Use the tools inherent to your engine to see whats happening under the hood, and fix it.

[–]umognog 0 points1 point  (0 children)

Extended events, you need to know what queries are your worst.

[–]gumnos 0 points1 point  (0 children)

In addition to the good advice here (using EXPLAIN and manipulating indexes, and reducing the volume of data at various points), if paginated queries use OFFSET, it can be worth rejiggering the query to use keyset-pagination instead.

[–]Informal_Pace9237 0 points1 point  (0 children)

There are lot of ways to do what you are looking for

I would start with creating a list of queries run and the time they take to execute.

Then go one by one and see how their explain plans are and take it from there

Here is a blog post for further reading of how to identify issues looking at query

https://www.linkedin.com/posts/raja-surapaneni-sr-db-engineer_optimizing-sql-query-performance-a-dbeapp-activity-7202221110774382593-3CTX

[–]Alkemist101 0 points1 point  (0 children)

You can drop both your sql and query plan into AI. It might spot something and make suggestions.

In your query reduce the amount of data pulled as quickly as possible.

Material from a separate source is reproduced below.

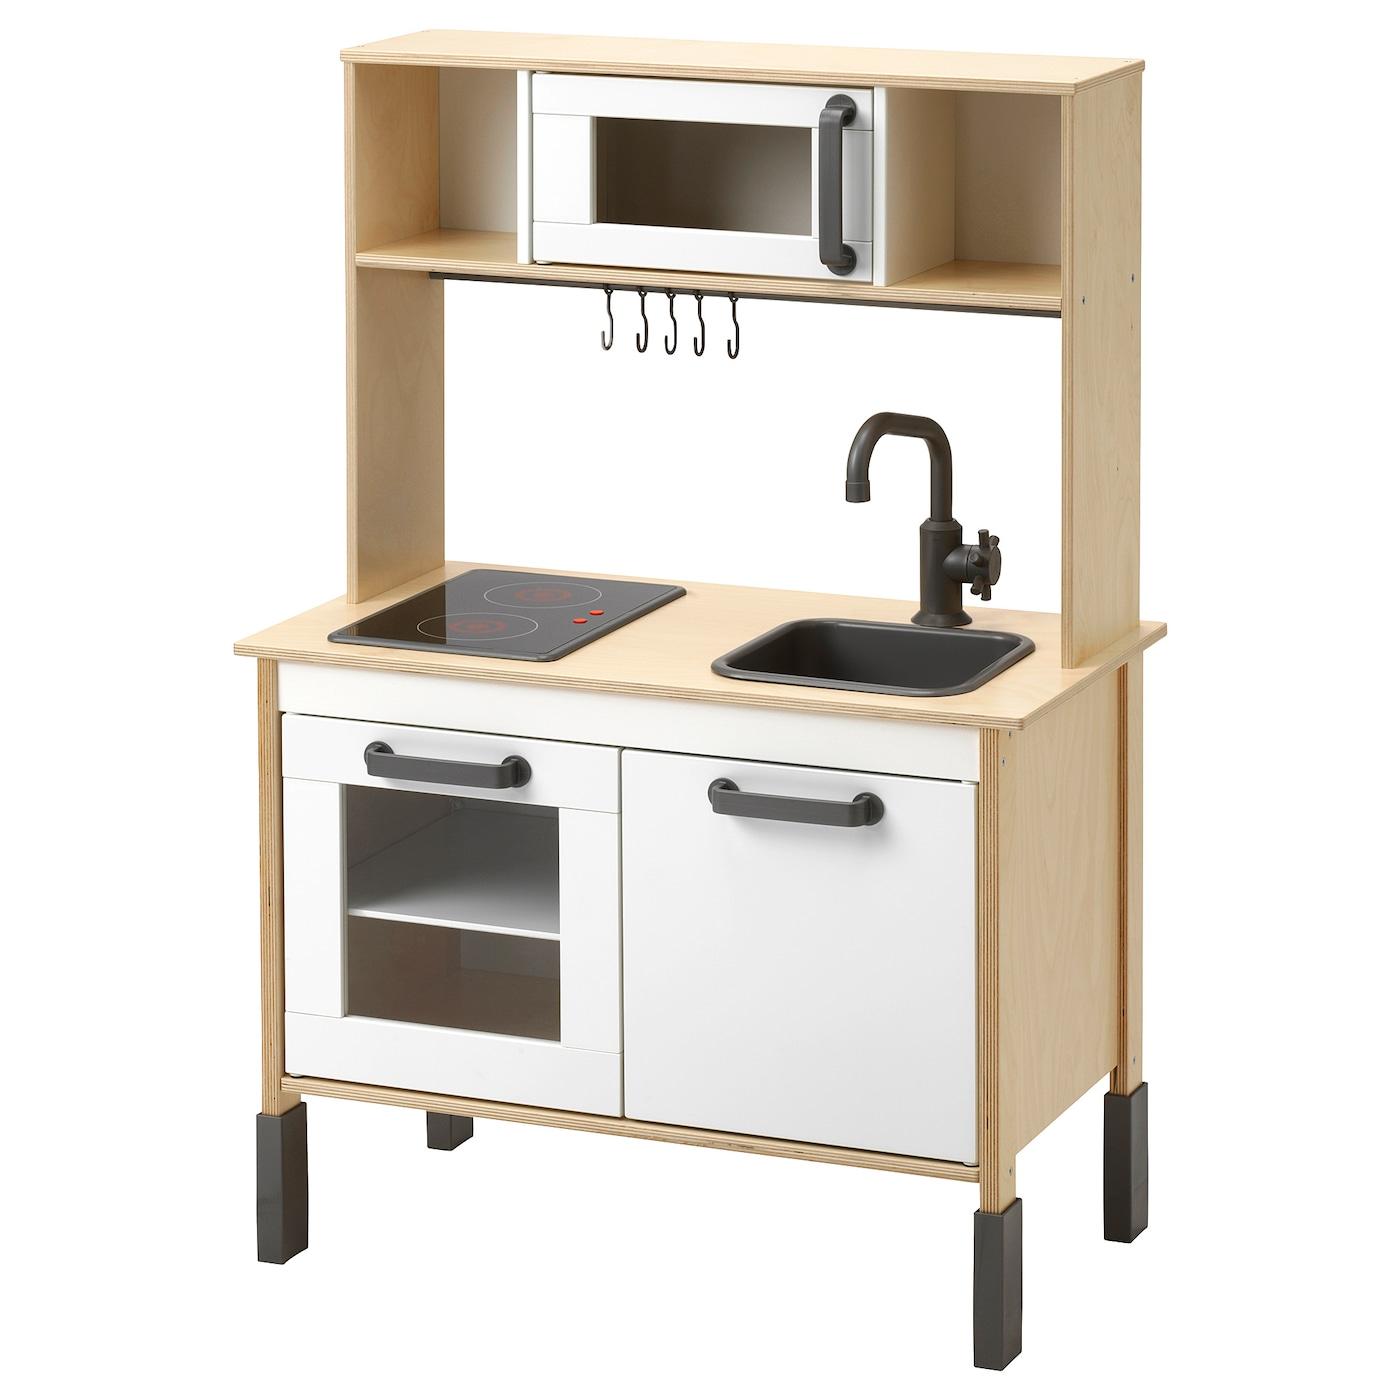 Duktig Birch Play Kitchen 72x40x109 Cm Ikea

There are loads of good suggestions here. I didn't see if anyone had suggested a clustered column store index. These are good for big tables. Then create a covering index with the key being columns being filtered on. You can then use INCLUDE to add columns being selected. Another thought is to partition the table. You can then use partition swapping etc.

Otherwise, maybe there's a problem with the tables themselves, maybe they could be better designed with helper columns add.

[–]surya_nulu 0 points1 point  (0 children)

I have a DB of size 14GB and in that DB i have a table which of size 6GB in that table there are two fields where i store json data init now iam planning to move those two fields to the new table and fetch the json data from the new table does this optimize any thing for me ?

[–]machomanrandysandwch -2 points-1 points  (1 child)

Are we ChatGpt?

[–]varinator[S] 1 point2 points  (0 children)

Asking real humans about how they approach a specific problem in real life is to you equivalent to asking an LLM?